Jews are like everyone else, just more so. That’s a line variously attributed to famous Jewish writers, which makes sense because it reflects a truth obvious in every era of our history. So it should not come as a surprise that the Jewish community hasn’t been immune to the illiberalism sweeping across American institutions — not by a long shot.
David Bernstein, a longtime Jewish professional, blew the whistle on this phenomenon and on his own failure to stand up to it.
He’s just started a new organization, called the Jewish Institute for Liberal Values, to counter the imposition of woke ideology in the Jewish community. Its first effort: an open letter in defense of liberalism signed by Rabbi David Wolpe, Steven Pinker, former ACLU president Nadine Strossen, Rabbi David Ingber, Jonathan Haidt, and many others.
I was glad to join them and invite anyone who agrees with the principles of the letter to join us here.
This coming Thursday you can catch me and the brilliant Glenn Loury, who you’ll remember from the symposium we just ran on systemic racism.
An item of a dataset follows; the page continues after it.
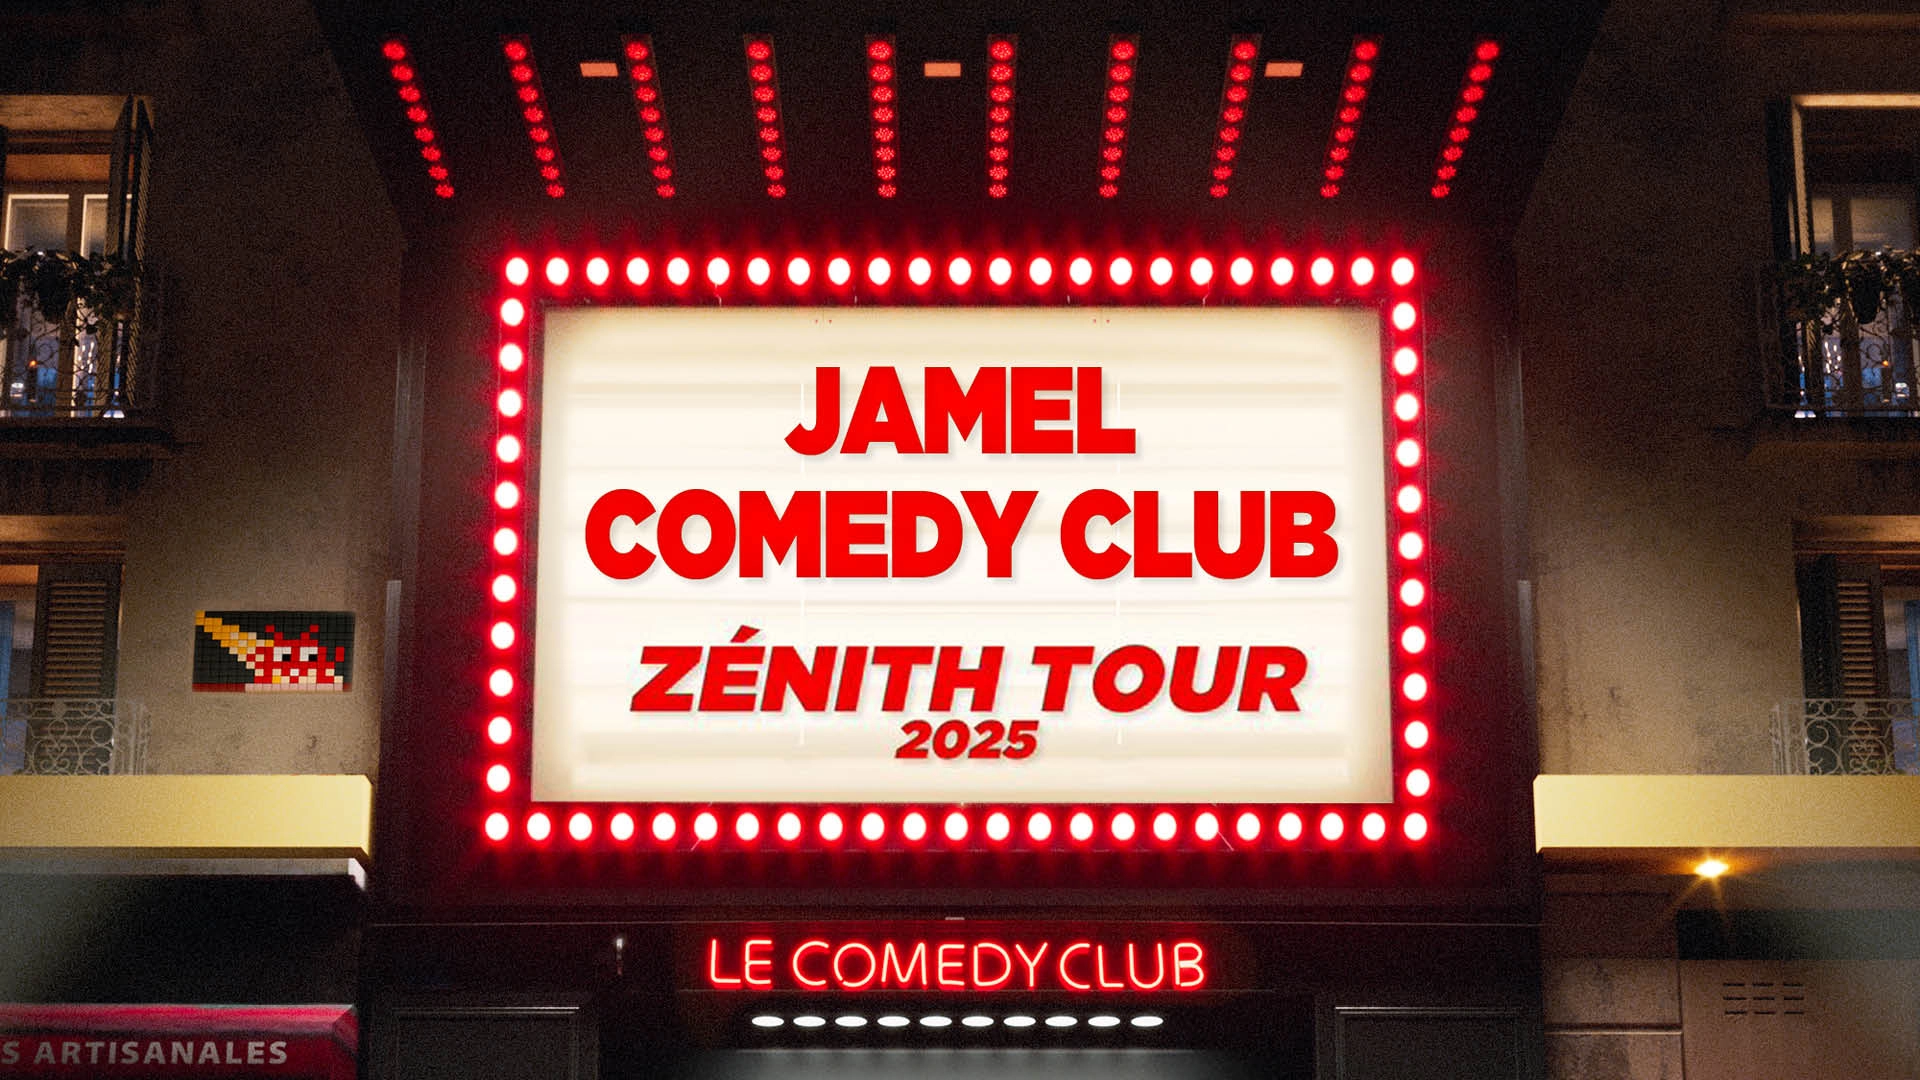 Jamel Comedy Club Zenith Tour at Zenith Nantes Tickets
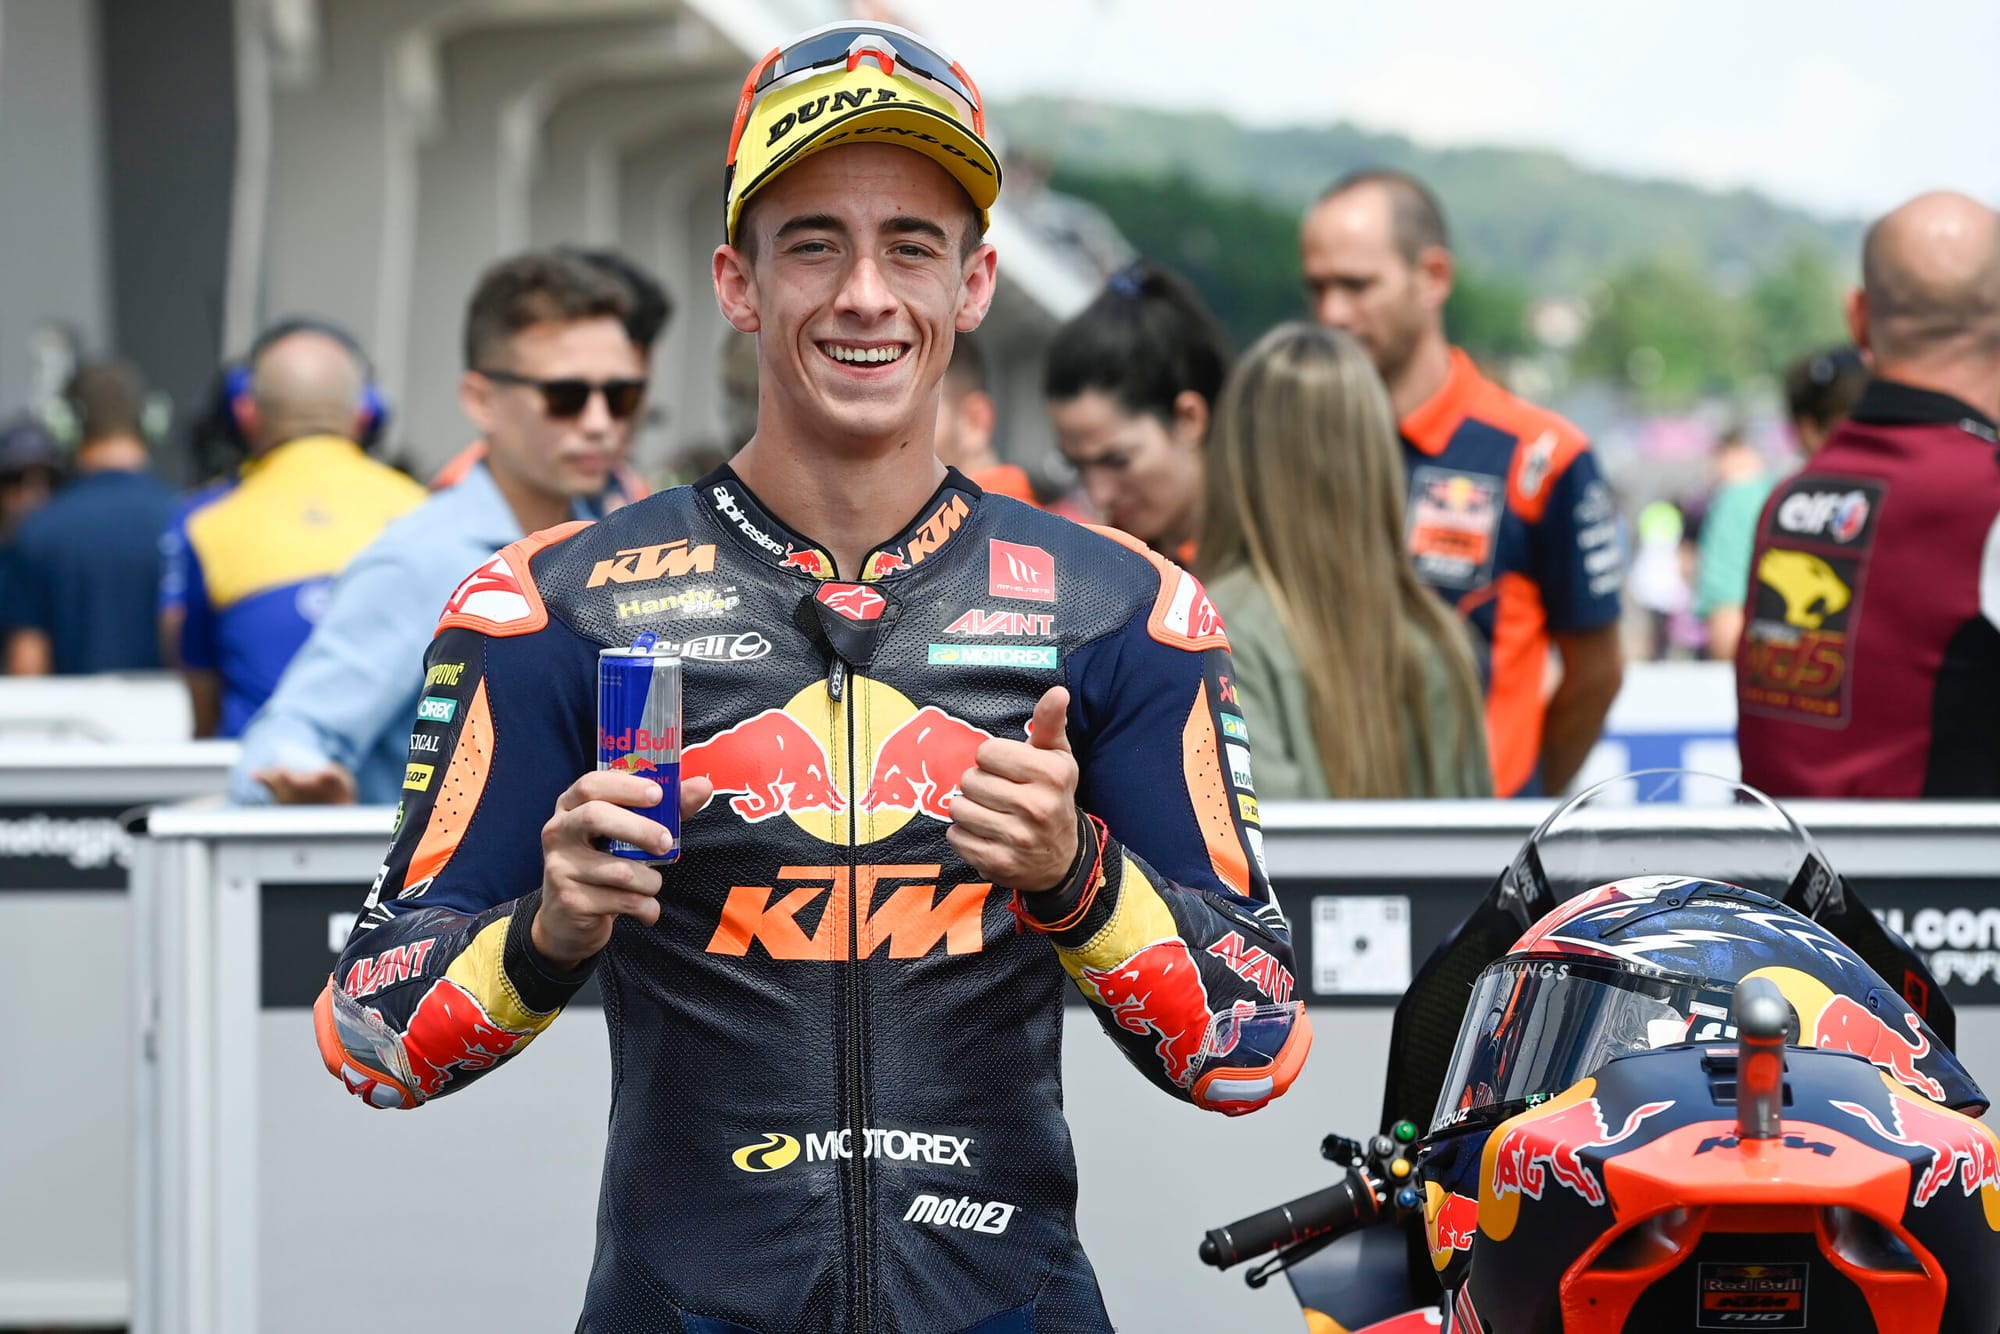 Acosta sacré champion du monde Moto2 si...

Glenn and I will be speaking at an event online hosted by the Manhattan Institute Called “Anti-Semitism and Anti-Racism Collide.” You can register here.
In preparation, I’m reading this bracing piece by a former college chaplain, and this absolutely brilliant essay by the psychologist Pamela Paretsky called “Critical Race Theory and the ‘Hyper-White’ Jew.”
Last: a very happy mother’s day to everyone, but especially to the gorgeous and hilarious Amy Weiss, and to my two sisters, Casey and Molly, who themselves became mothers in the past few months.
If you want to read something fantastic that is spinning America’s too-online leftists out of their minds with rage, check out this essay by Liz Bruenig about becoming a young mother and loving it.
And if you want to give the perfect mother’s day gift . . .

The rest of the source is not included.